Hemostasis is a physiological response that culminates in the arrest of bleeding from an injured vessel. Under normal conditions the vascular endothelium supports vasodilation, inhibits platelet adhesion and activation, suppresses coagulation, enhances fibrin cleavage and is anti-inflammatory in character. Under acute vascular trauma, vasoconstrictor mechanisms predominate and the endothelium becomes prothrombotic, procoagulatory and proinflammatory in nature. This is achieved by a reduction of endothelial dilating agents: adenosine, NO and prostacyclin; and by the direct action of ADP, serotonin and thromboxane on vascular smooth muscle cells to elicit their contraction (Becker et al. 2000).
The chief trigger for the change in endothelial function that leads to the formation of a haemostatic thrombus is the loss of the endothelial cell barrier between blood and extracellular matrix components (Ruggeri 2002). Circulating platelets identify and discriminate areas of endothelial lesions; here, they adhere to the exposed sub endothelium. Their interaction with the various thrombogenic substrates and locally generated or released agonists results in platelet activation. This process is described as possessing two stages, firstly, adhesion - the initial tethering to a surface, and secondly aggregation - the platelet-platelet cohesion (Savage & Cattaneo et al. 2001).
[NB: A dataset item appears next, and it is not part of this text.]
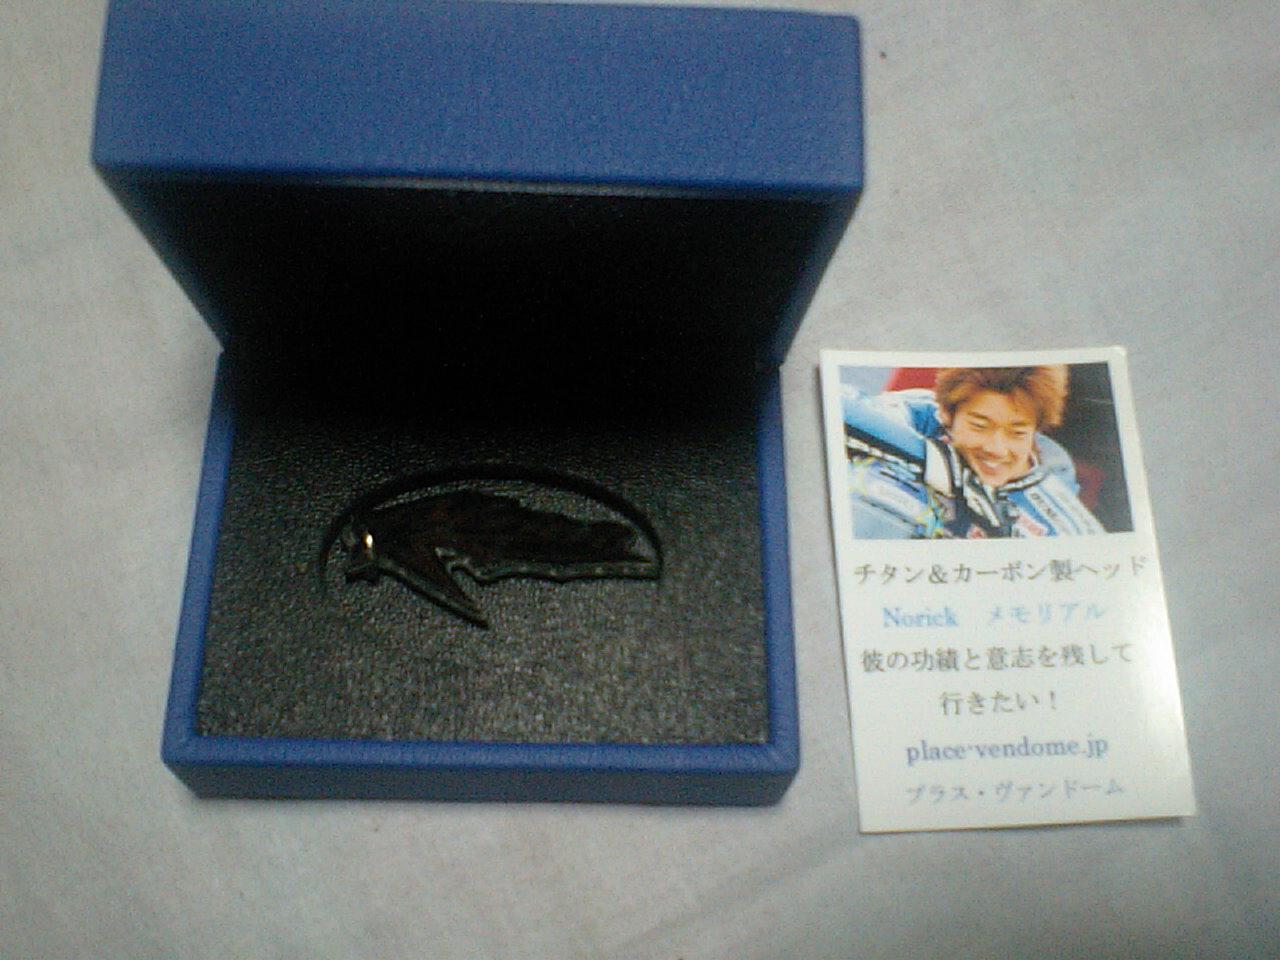 http://img.blogs.yahoo.co.jp/ybi/1/13/f5/tetsutaro499/folder/420377/img_420377_43031702_0?1215421760
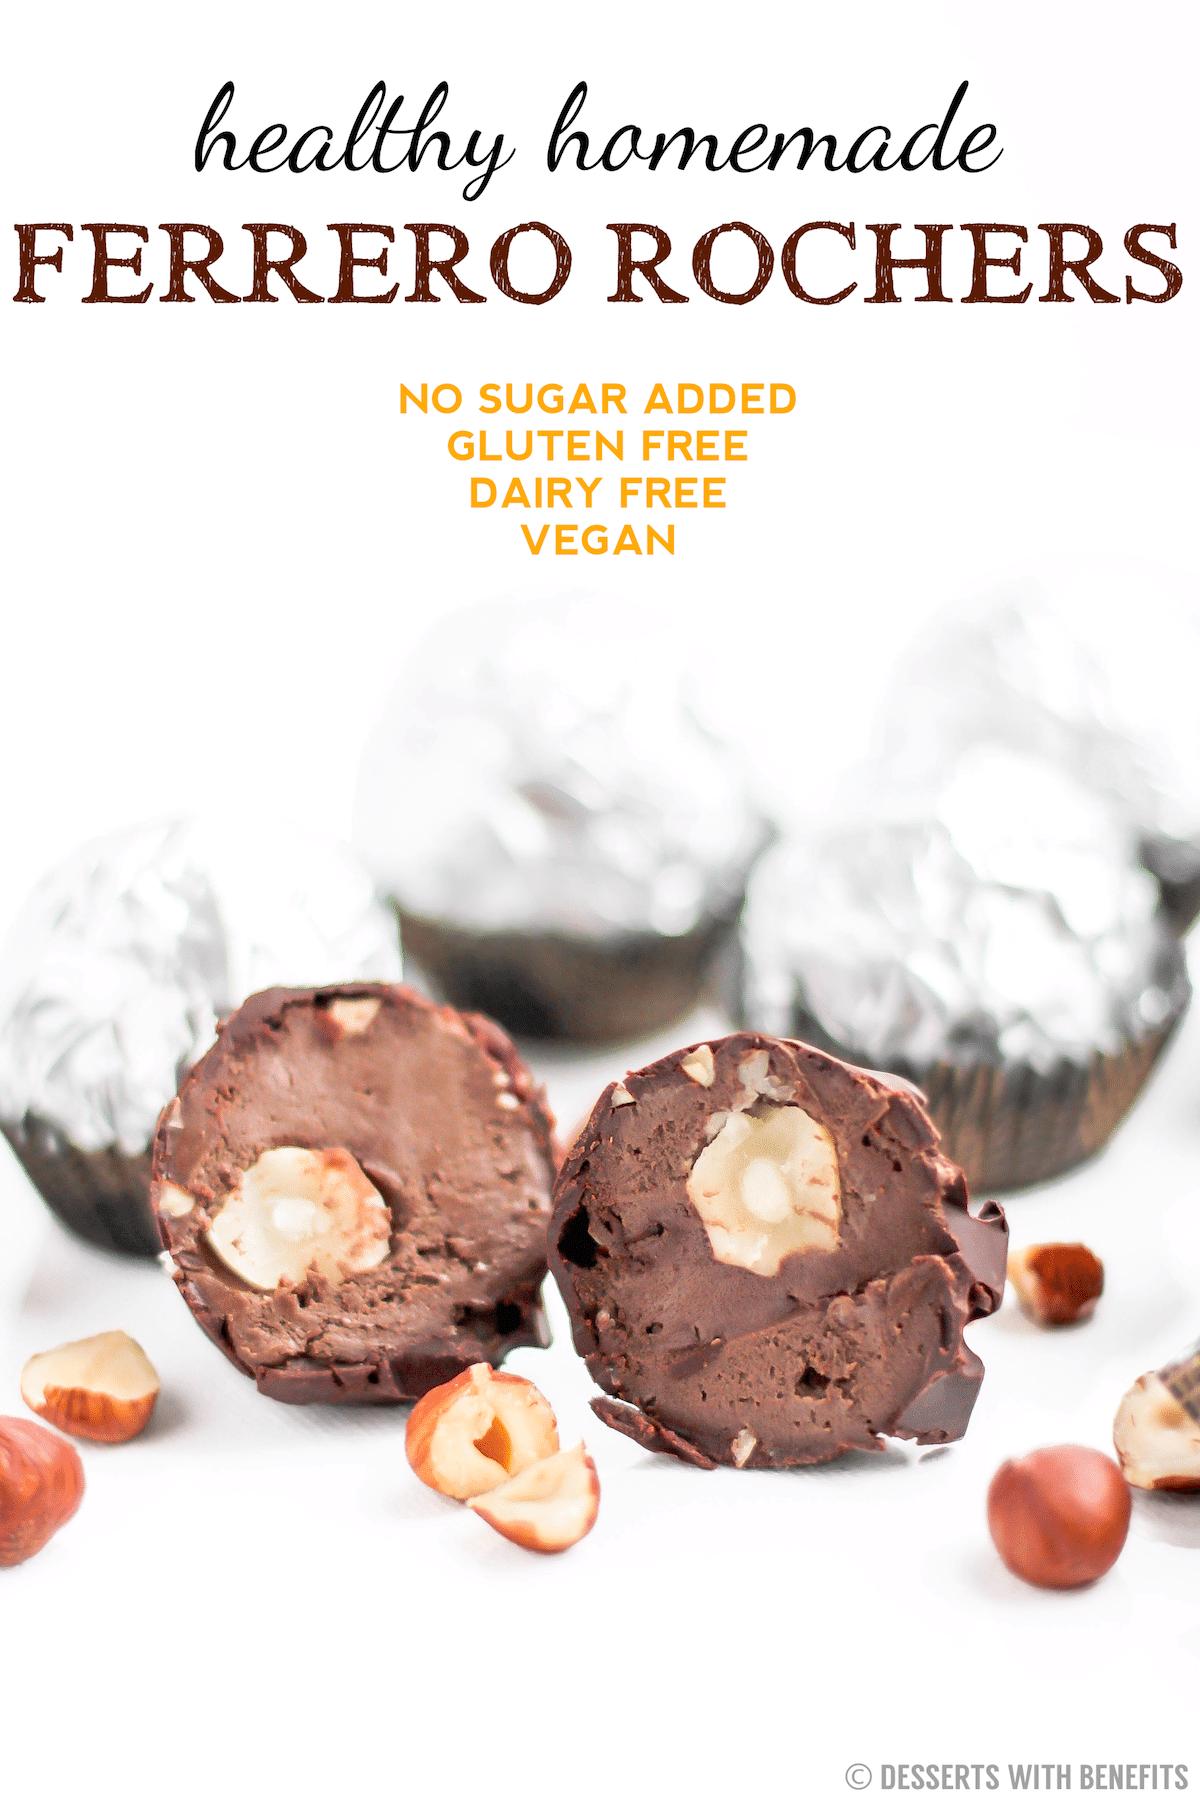 Healthy Homemade Ferrero Rochers recipe (gluten free, dairy free, vegan) - Healthy Dessert Recipes at Desserts with Benefits

Three mechansism contribute to the loss of blood following vessel injury. The vessel constricts, reducing the loss of blood. Platelets adhere to the site of injury, become activated and aggregate with fibrinogen into a soft plug that limits blood loss, a process termed primary hemostasis. Proteins and small molecules are released from granules by activated platelets, stimulating the plug formation process. Fibrinogen from plasma forms bridges between activated platelets. These events initiate the clotting cascade (secondary hemostasis). Negatively-charged phospholipids exposed at the site of injury and on activated platelets interact with tissue factor, leading to a cascade of reactions that culminates with the formation of an insoluble fibrin clot.